And here is the link.

There are typos in the expert report - referring to the baby as a "her" when the baby was a boy.

The Judgment in the case says: "it is quite simply unacceptable for an 'independent' expert to be instructed in the way [the Expert] was". The expert [doctor] was given one day to conduct an *assessment - which was essentially a paper assessment and SS then relied on this (again, it raises questions on training of social workers but if an eminent doctor is saying, essentially, that the mother will not be able to provide the appropriate care to the infant, I don't wonder that SS accepted it). As the appeal judge rightly said, "there was too much local authority emphasis upon securing an expert opinion to support removal from the mother and too little focus upon ensuring a just and fair assessment process. Justice must never be sacrificed upon the altar of speed."

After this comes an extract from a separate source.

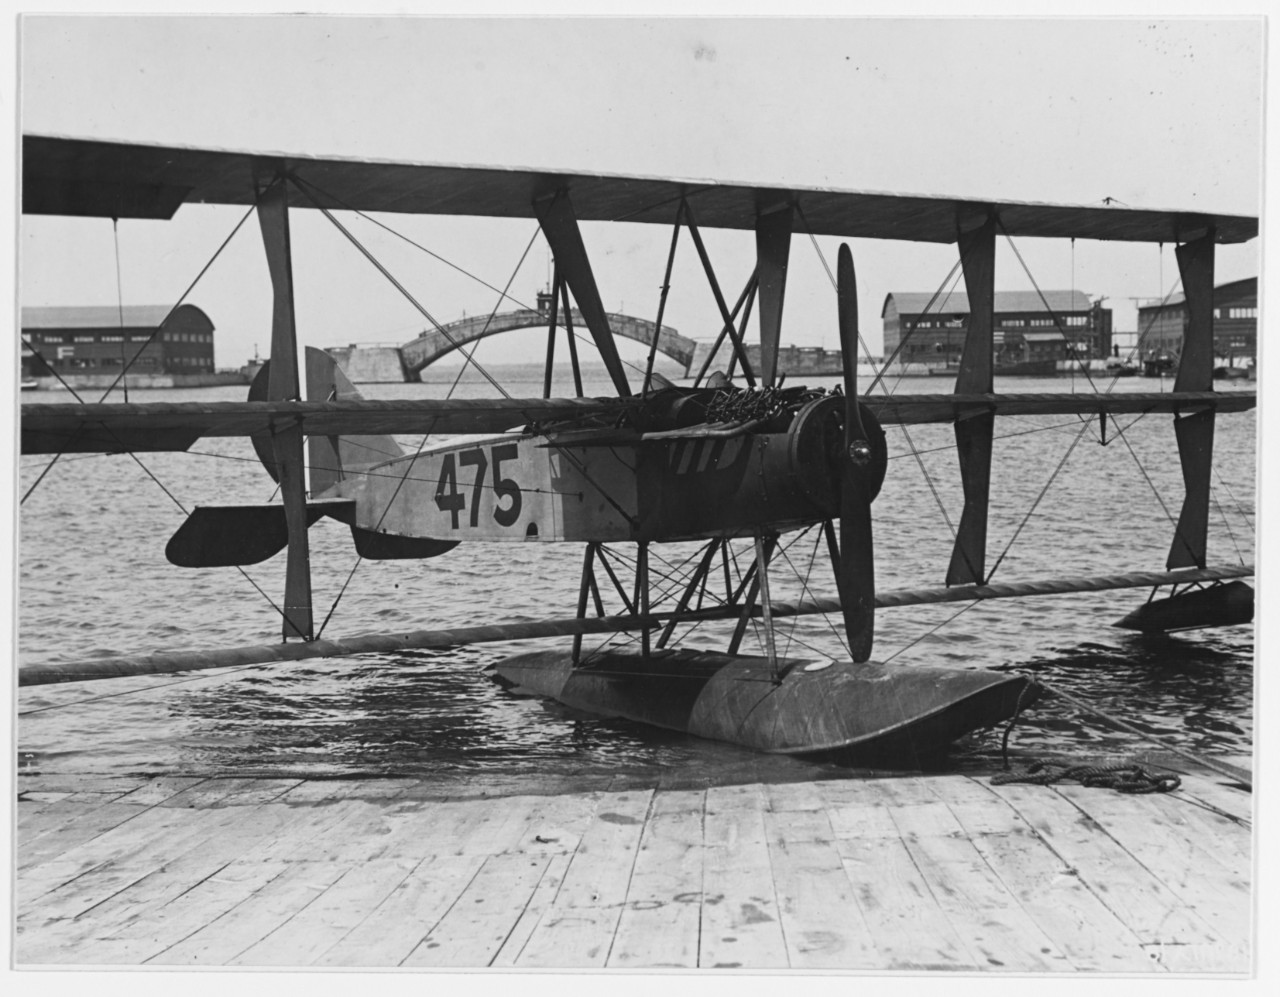 Experimental Triplane (possibly Curtiss "L" type)
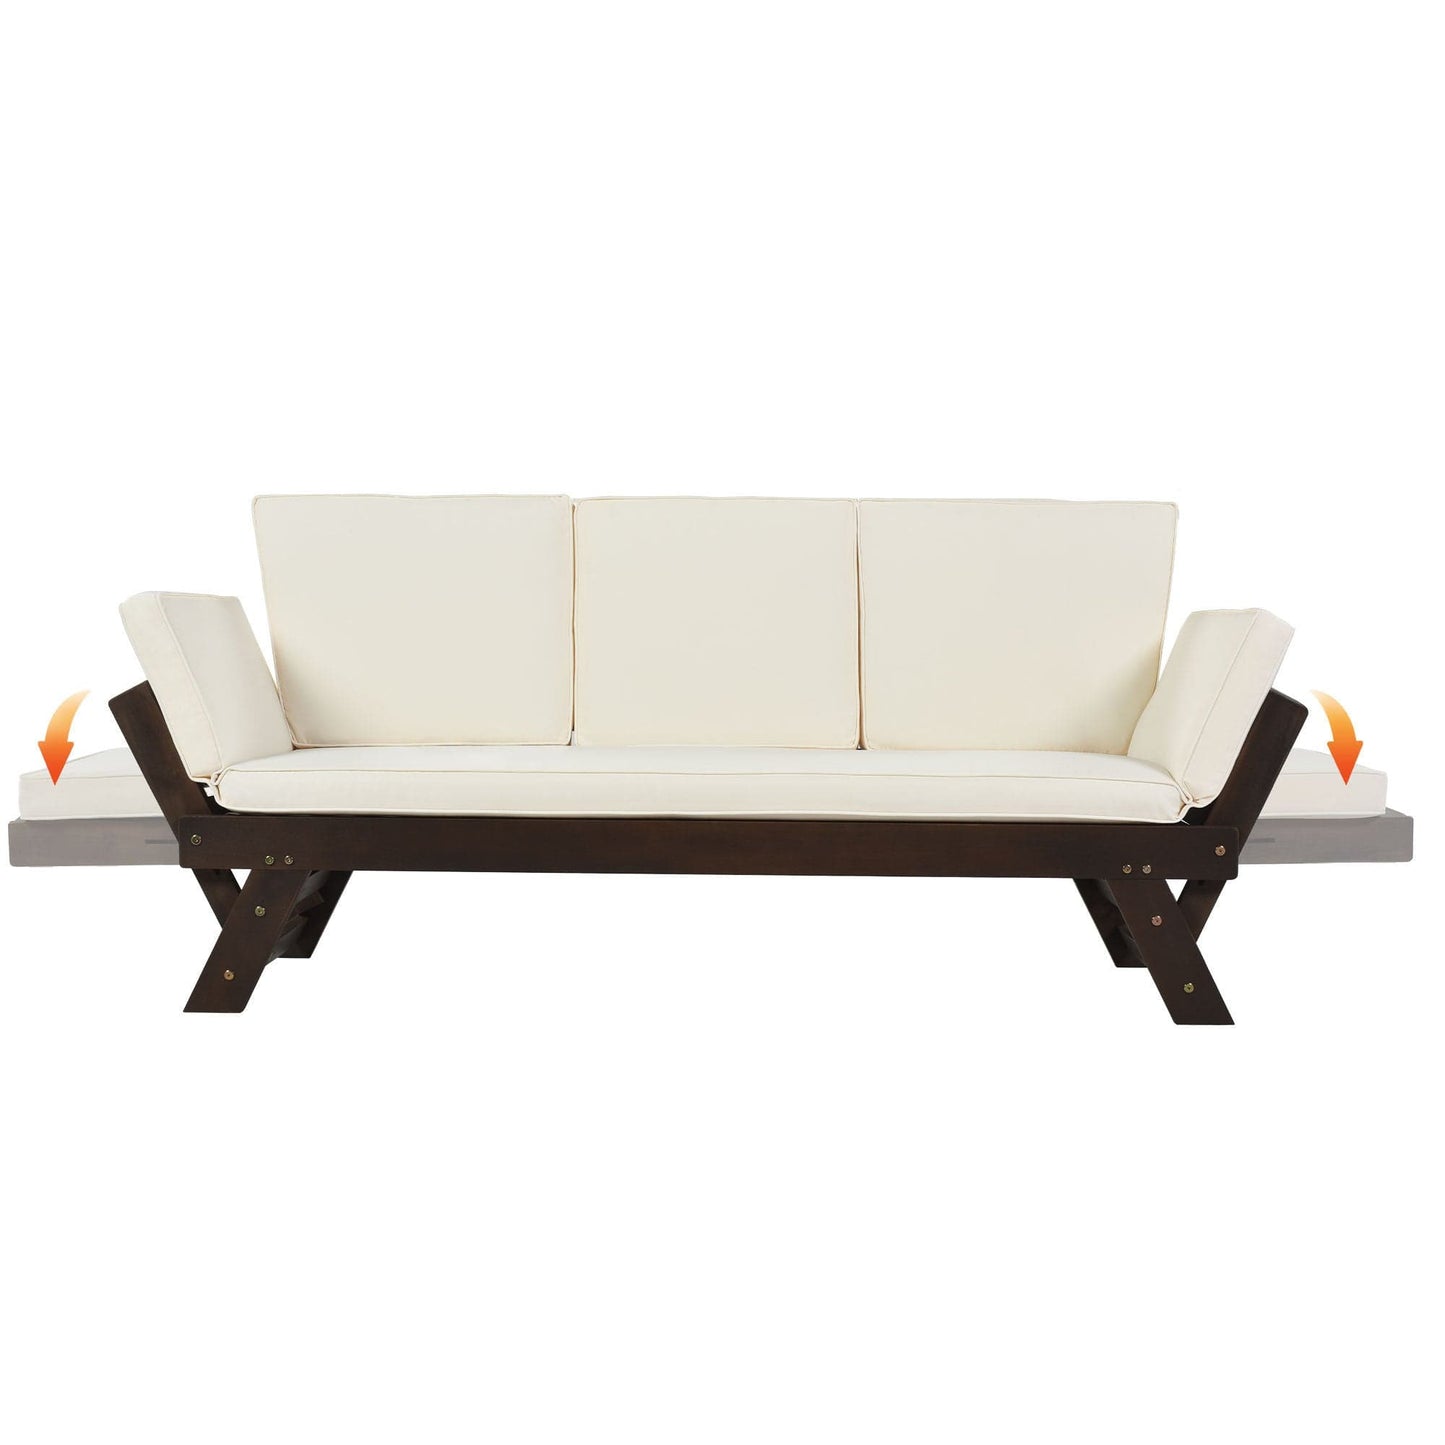 TOPMAX Outdoor Adjustable Patio Wooden Daybed Sofa Chaise Lounge, Brown Finish Beige Cushion

An interesting judgment. I think the original court should have seen that justice had been sacrificed and told the LA to go back again. But what I find interesting in this judgment (from a higher court) is that even though the mother had (seemingly, quite appropriately) had her other children taken into care as she had only started recently engaging with drug addiction resources, every case, every new child should be assessed almost as if there is a blank slate.

The child was returned to the care of the mother - but also only because she was going to be in a supervised centre (I assume, mother and baby).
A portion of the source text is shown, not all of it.